INPUT FOR THIS TASK
********************
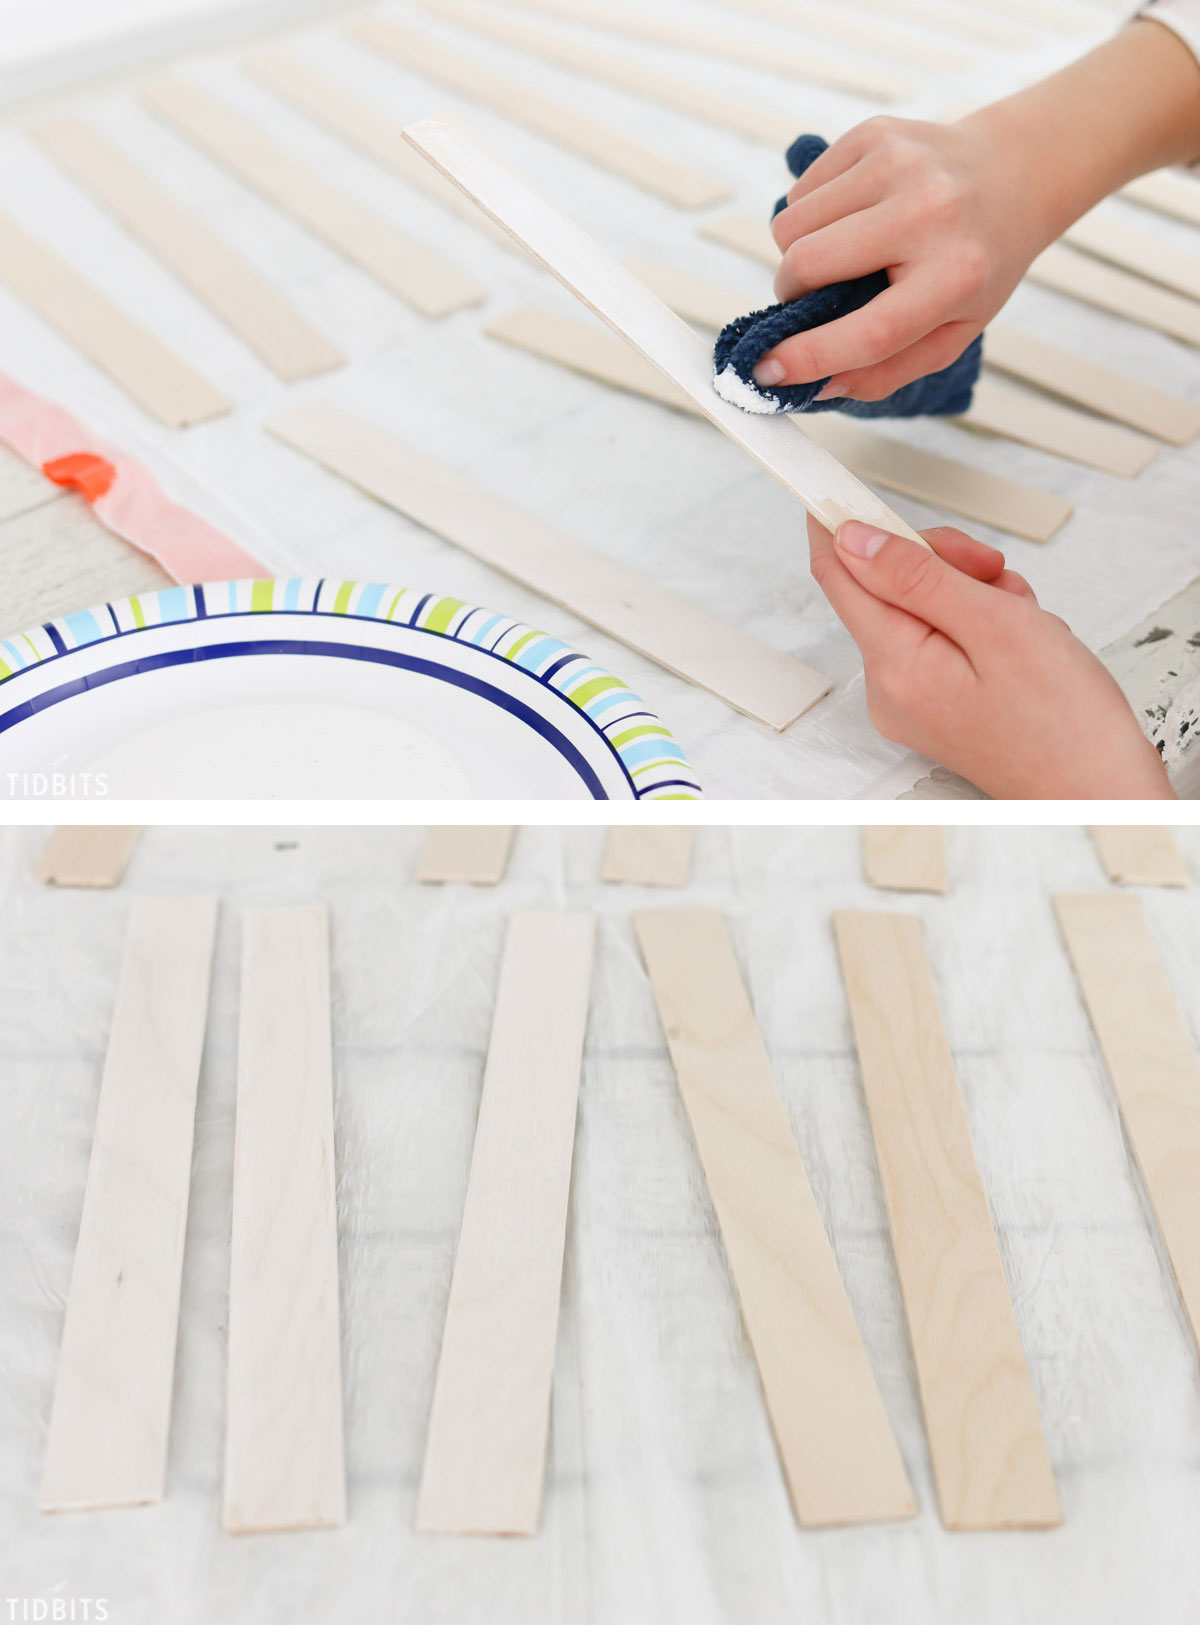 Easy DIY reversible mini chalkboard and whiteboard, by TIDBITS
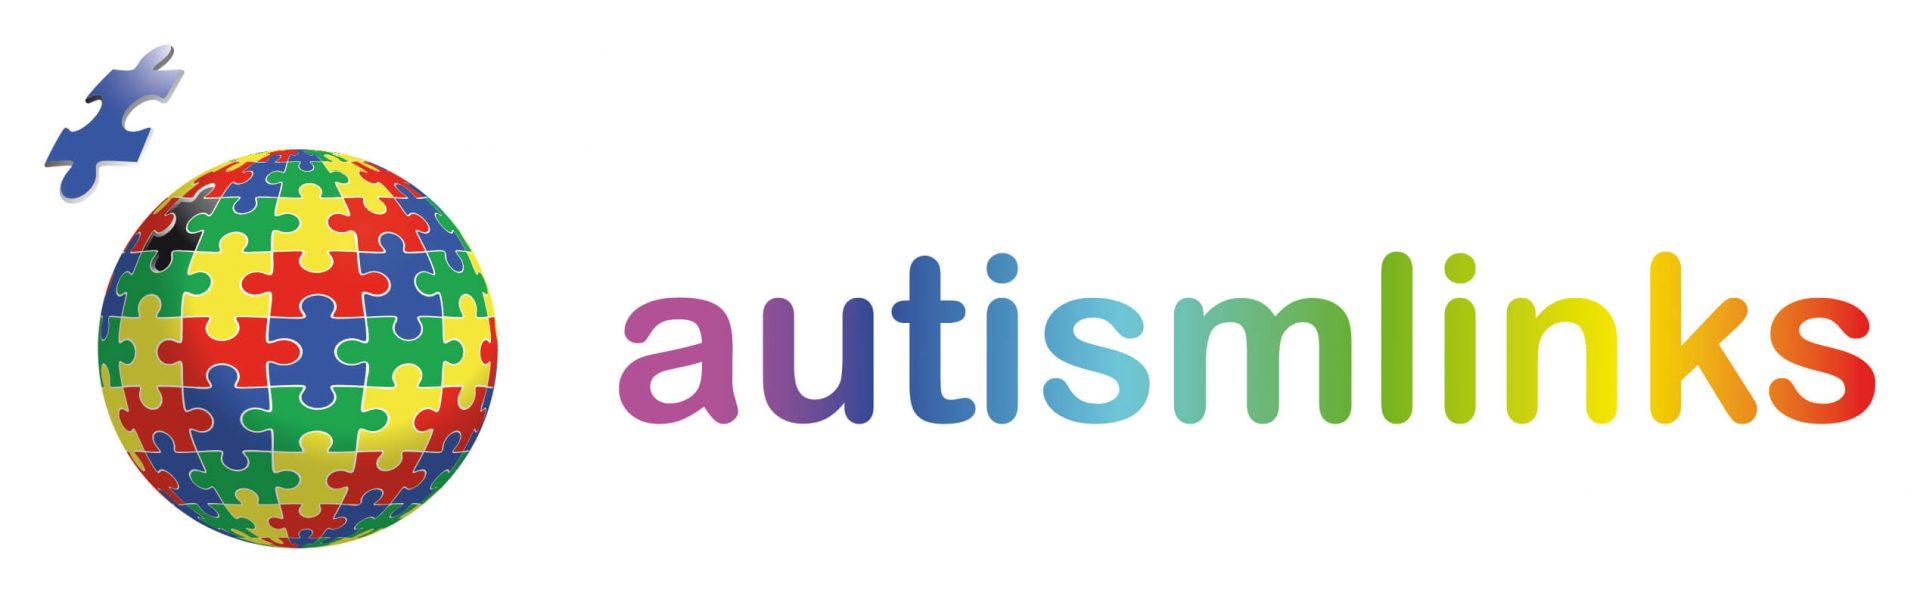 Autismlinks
********************
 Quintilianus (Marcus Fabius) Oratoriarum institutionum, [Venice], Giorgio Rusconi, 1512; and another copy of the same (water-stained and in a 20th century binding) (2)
********************
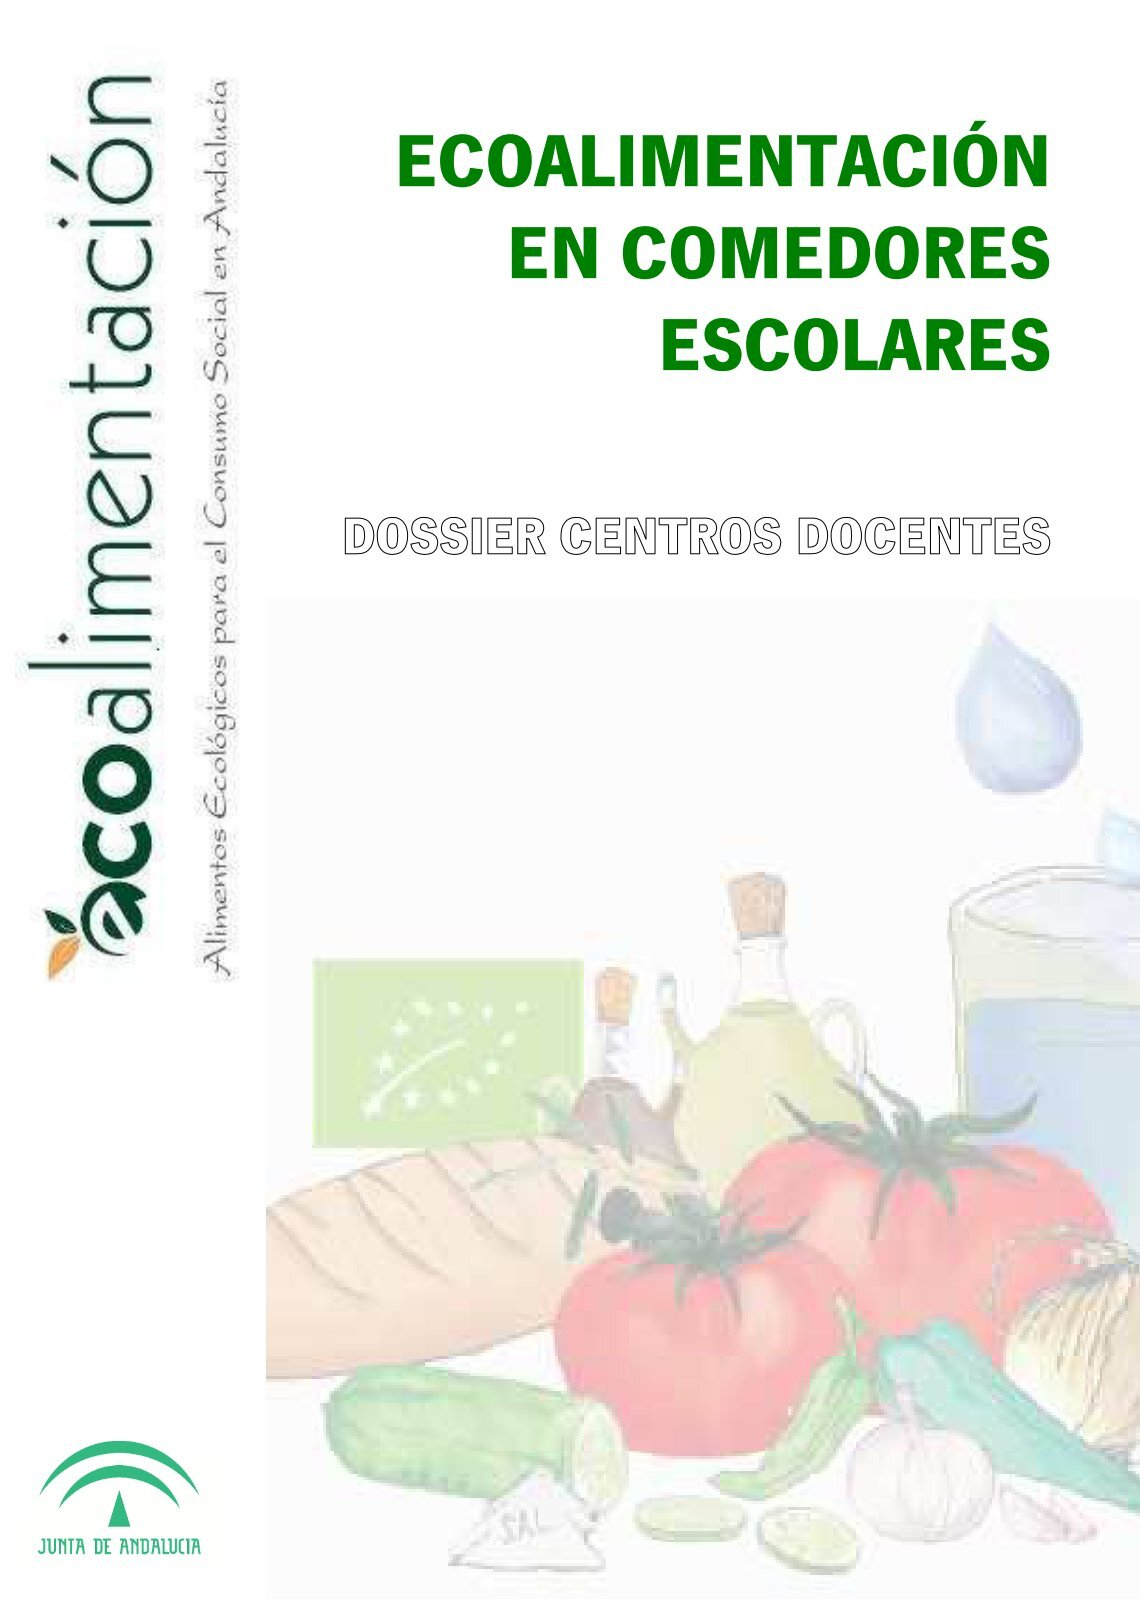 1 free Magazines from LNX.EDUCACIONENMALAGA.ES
********************
TASK OBJECTIVE
Using the entries above, repeat exactly the lines from the one with "Easy DIY reversible" to the one with "Autismlinks", both included, and leave the pictures behind.

SOLUTION FOR THIS TASK
 Easy DIY reversible mini chalkboard and whiteboard, by TIDBITS
 Autismlinks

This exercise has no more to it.